Hanya ucapkan firman Tuhan dan terima hasilnya

Banyak dari kita mengatakan betapa hancurnya kita atau betapa sakitnya kita; tidak menyadari bahwa kata-kata yang keluar dari mulut kita adalah alasan mengapa kita masih berada dalam situasi yang sama.

Banyak dari kesengsaraan yang menimpa umat Allah adalah hasil dari kata-kata yang kita ucapkan tentang kehidupan kita. Hubungan antara apa yang kita katakan dan apa yang kita miliki belum terjalin.

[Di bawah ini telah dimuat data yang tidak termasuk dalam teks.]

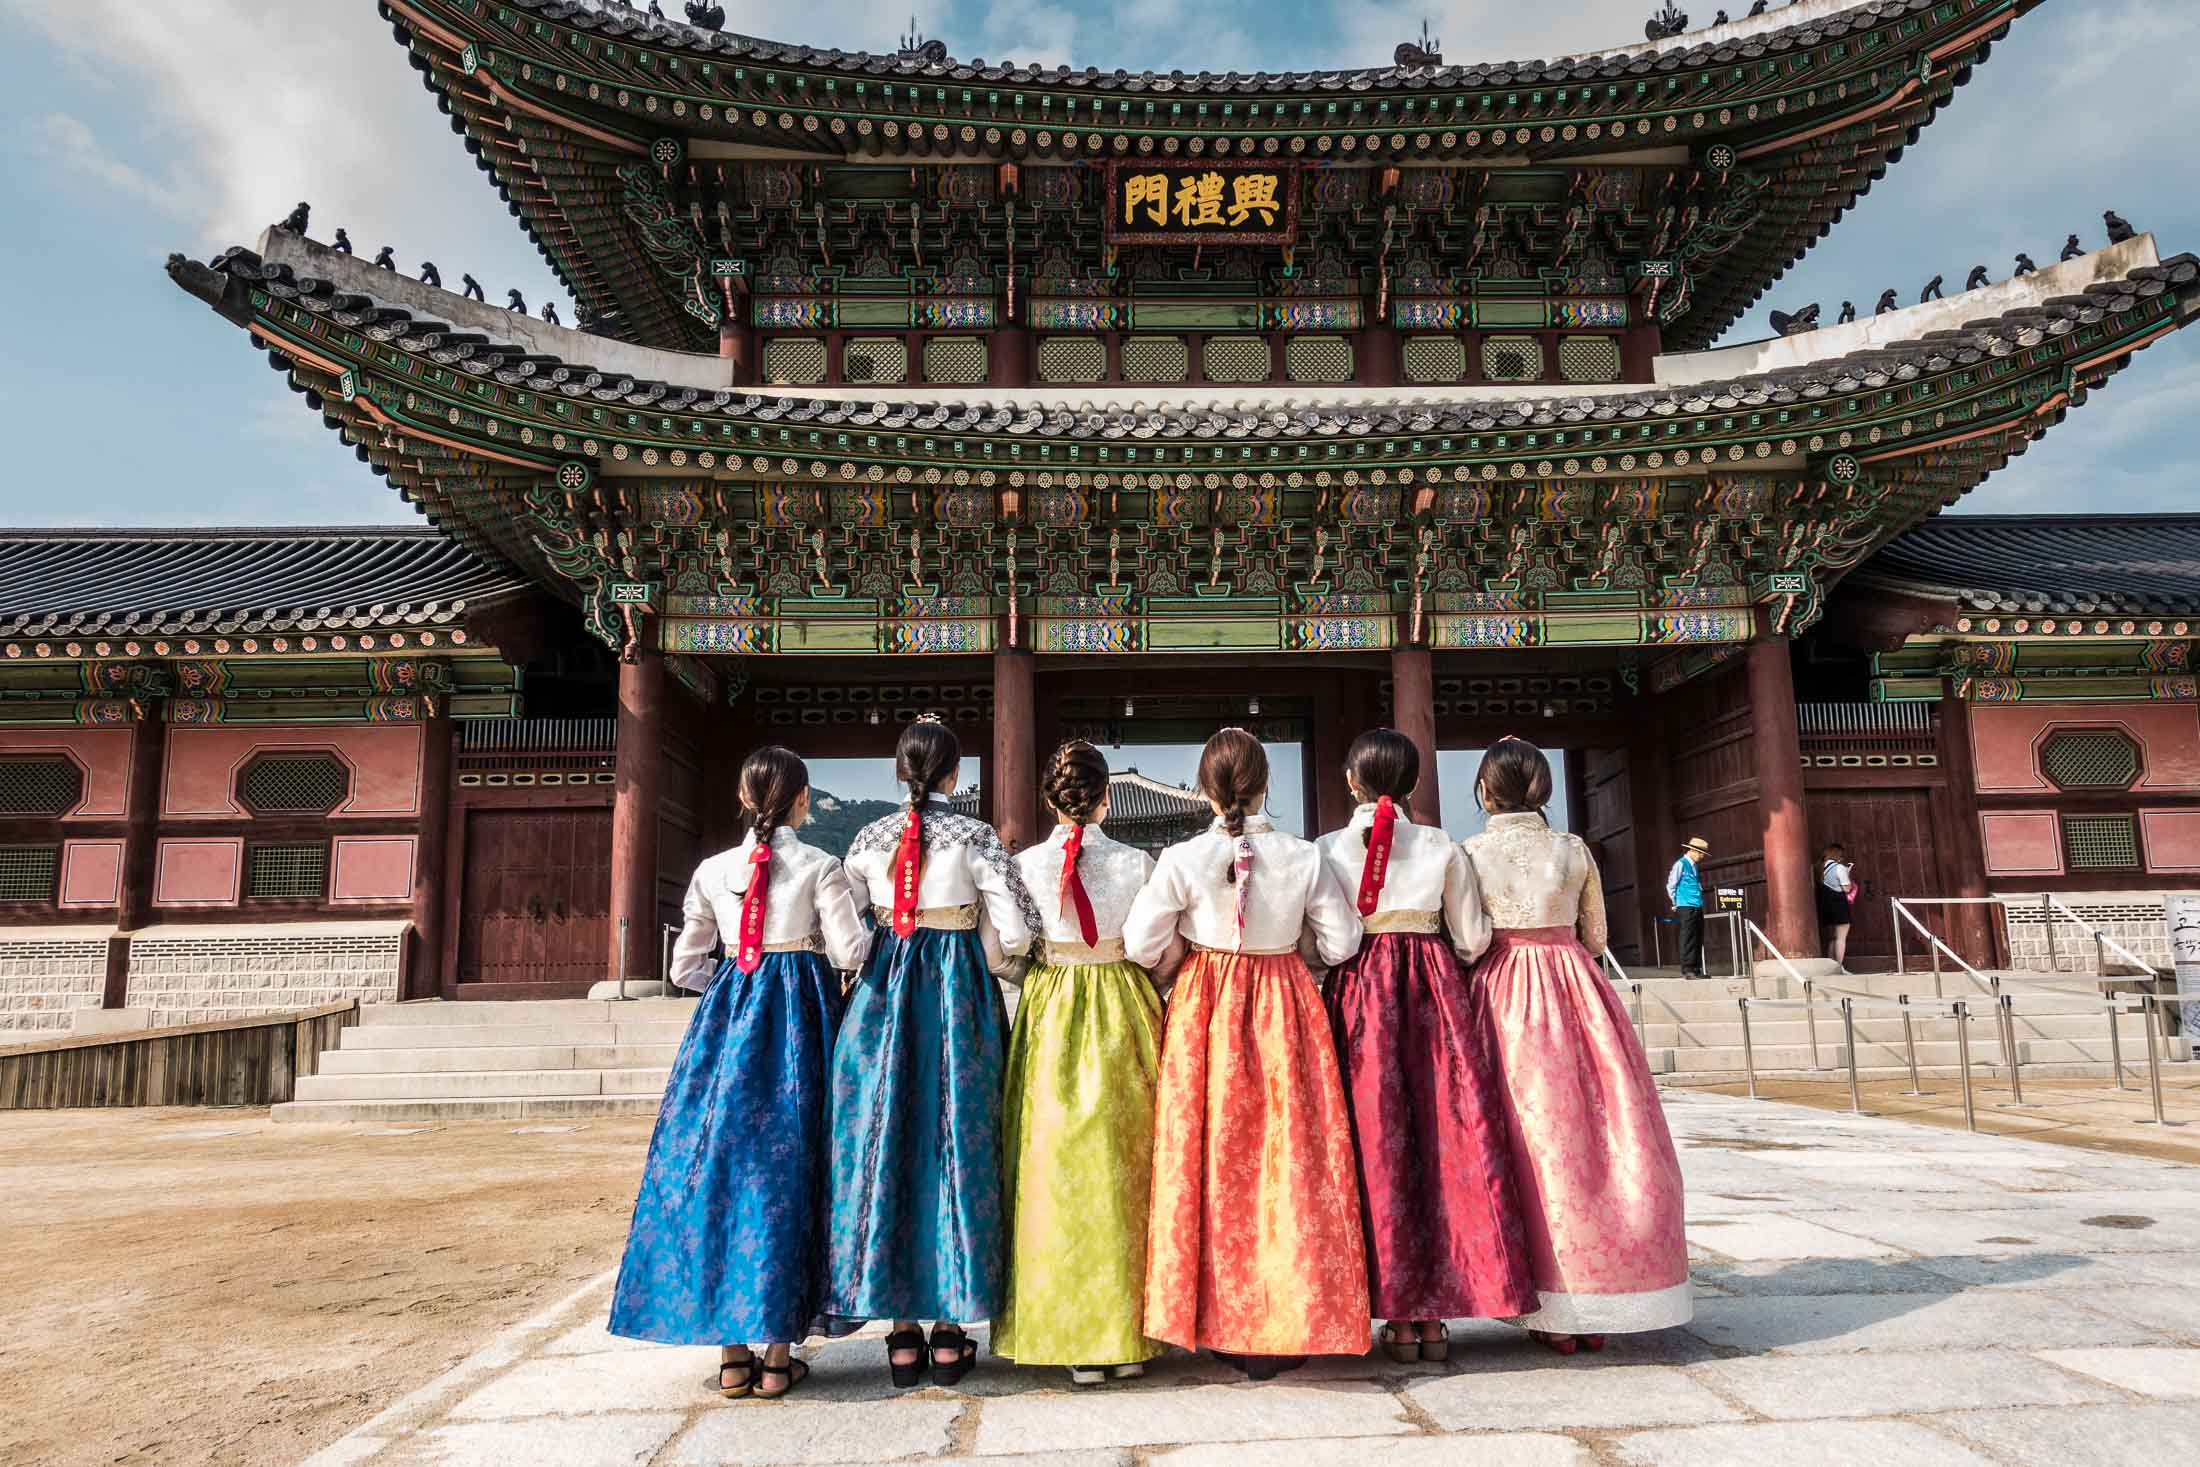 Gyeongbokgung Palace via travelpast50.com

Kita semua mendengarkan iklan dan membaca iklan di surat kabar. Ketika kita mendengar atau membaca bahwa toko rantai memberikan TV 40 inci secara gratis, kebanyakan dari kita tidak akan mempertanyakan itu. Kami akan mengambil iklan ini untuk kata-katanya. Kami tidak akan mempertanyakan orang yang menulis iklan, kami juga tidak akan memanggil toko untuk melihat apakah ini benar. Banyak dari kita mendasarkan tindakan kita pada kata orang lain. Orang-orang bertindak berdasarkan perkataan orang lain tanpa ragu-ragu.

Ketika Tuhan berkata "dengan garis-Nya kamu disembuhkan" atau "Aku berharap di atas semua itu kamu makmur dan sehat"; kenapa kamu tidak percaya Firman Tuhan? Banyak dari kita mengatakan kita percaya, tetapi meragukan hal ini di hati kita. Jika Firman-Nya mengatakan hal-hal ini, maka Anda hanya harus mengaku, percaya Anda telah menerimanya, dan menindaklanjutinya.

"Kematian dan kehidupan ada dalam kekuatan lidah: dan mereka yang menyukainya akan memakan buah di sana [Proverbs 18:21].

Saya telah mendengar begitu banyak orang mengatakan bahwa pemerintah menahan mereka atau mereka tidak dapat melanjutkan karena seseorang apakah seseorang menghalangi jalan mereka, pada kenyataannya Anda adalah satu-satunya orang yang dapat menghentikan Anda, untuk ditelan oleh sebagian besar orang, tetapi itu adalah kebenaran.

Tuhan memberi kita hak untuk memiliki apa yang kita katakan, Firman-Nya memberi tahu kita untuk memanggil hal-hal yang tidak seperti adanya. Untuk menyebutkan sesuatu artinya berbicara menjadi ada.

Kata-katanya mengatakan bahwa jika Tuhan ada untuk kita, siapa yang bisa melawan kita "[Romans 8:31] .

Kita harus belajar untuk mengakui Firman Tuhan tentang situasi kita. Segala sesuatu yang dibuat Allah di bumi ini diucapkan (kitab Kejadian). Kata-katanya telah membawa banyak hal ke dalam kehidupan. Kita diciptakan menurut gambar dan rupa Allah. Firman-Nya berkata, "Kamu akan melakukan hal-hal yang aku lakukan." Yesus memahami prinsip ini ketika ia berbicara kepada pohon ara dan dipatuhi-Nya. Ketika Yesus berbicara kepada badai, itu menaatinya. Sebagai anak Tuhan Anda juga dapat berbicara dengan situasi Anda; katakan apa yang dikatakan Tuhan dan itu harus mematuhi kata-kata Anda.

Peningkatan atau penurunan dalam hidup kita dimulai dengan kata-kata yang kita ucapkan. Temukan tulisan suci tentang situasi Anda dan belajar mengatakan apa yang Tuhan katakan tentang itu. Jangan bicara masalah. Katakan saja Firman.